Corporations General Electric Aviation and Pratt & Whitney failed, as we wrote, in the development of an adaptable aircraft engine of the sixth generation.
In early 2022, the US Air Force abandoned its developments, although both companies loudly expressed their disagreement with such a decision. In just a few days, the Pentagon unveiled a new program to develop an adaptive jet engine and issued the corresponding contracts.
American analysts were surprised that three of the five companies awarded contracts (Boeing, Lockheed Martin and Northrop Grumman) had never built or developed engines. Such a decision could mean a loss of confidence in General Electric Aviation and Pratt & Whitney, wasting time and money. The crux of the Pentagon’s conflict with these aircraft-building monsters is precisely in this area.

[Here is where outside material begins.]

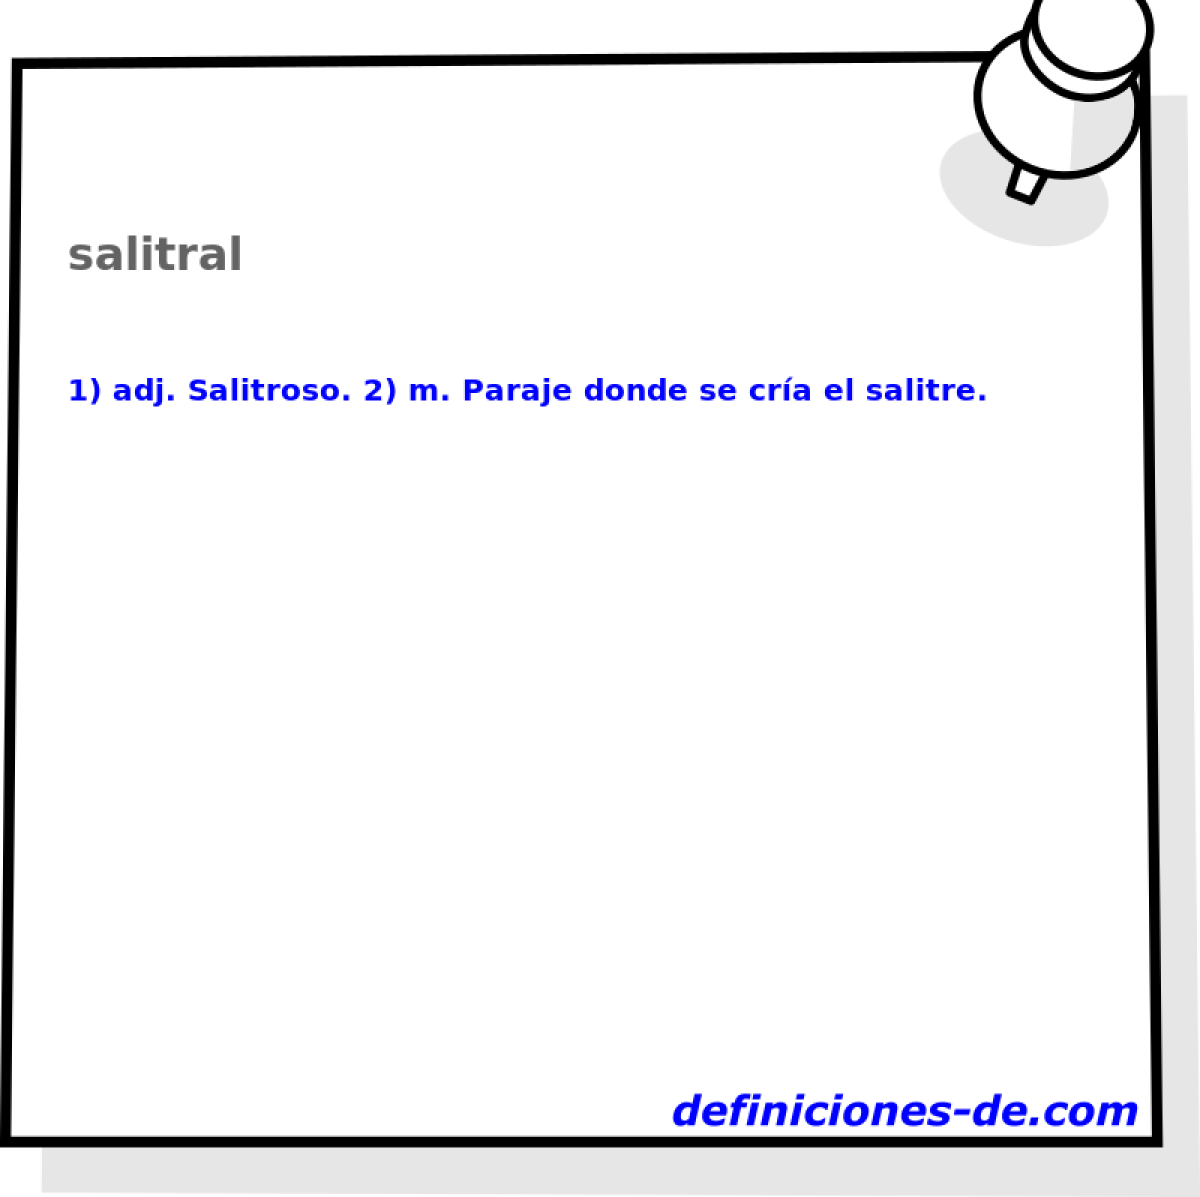 salitral

The military told the heads of the defense giants: “You haven’t been able to reconstruct the old adaptive engine developments, industrial archeology will help you. We’re giving you money so you don’t go bankrupt and three other companies, start from scratch.”
The toolkit of “industrial archaeology” is today actively discussed in world engineering forums. The problems facing the military-industrial complex of the United States and its allies will someday be overcome, but it will not happen tomorrow, and, it seems, not even the day after. The loss of the science and engineering school is more severe than the loss of gold and foreign exchange reserves.
These problems of the Western defense industry do not upset us. Until bottlenecks in collective defense production are removed, the United States and its allies are not ready for direct military conflict with adversaries of equal strength.
This gives us time to prepare for what sooner or later cannot be avoided.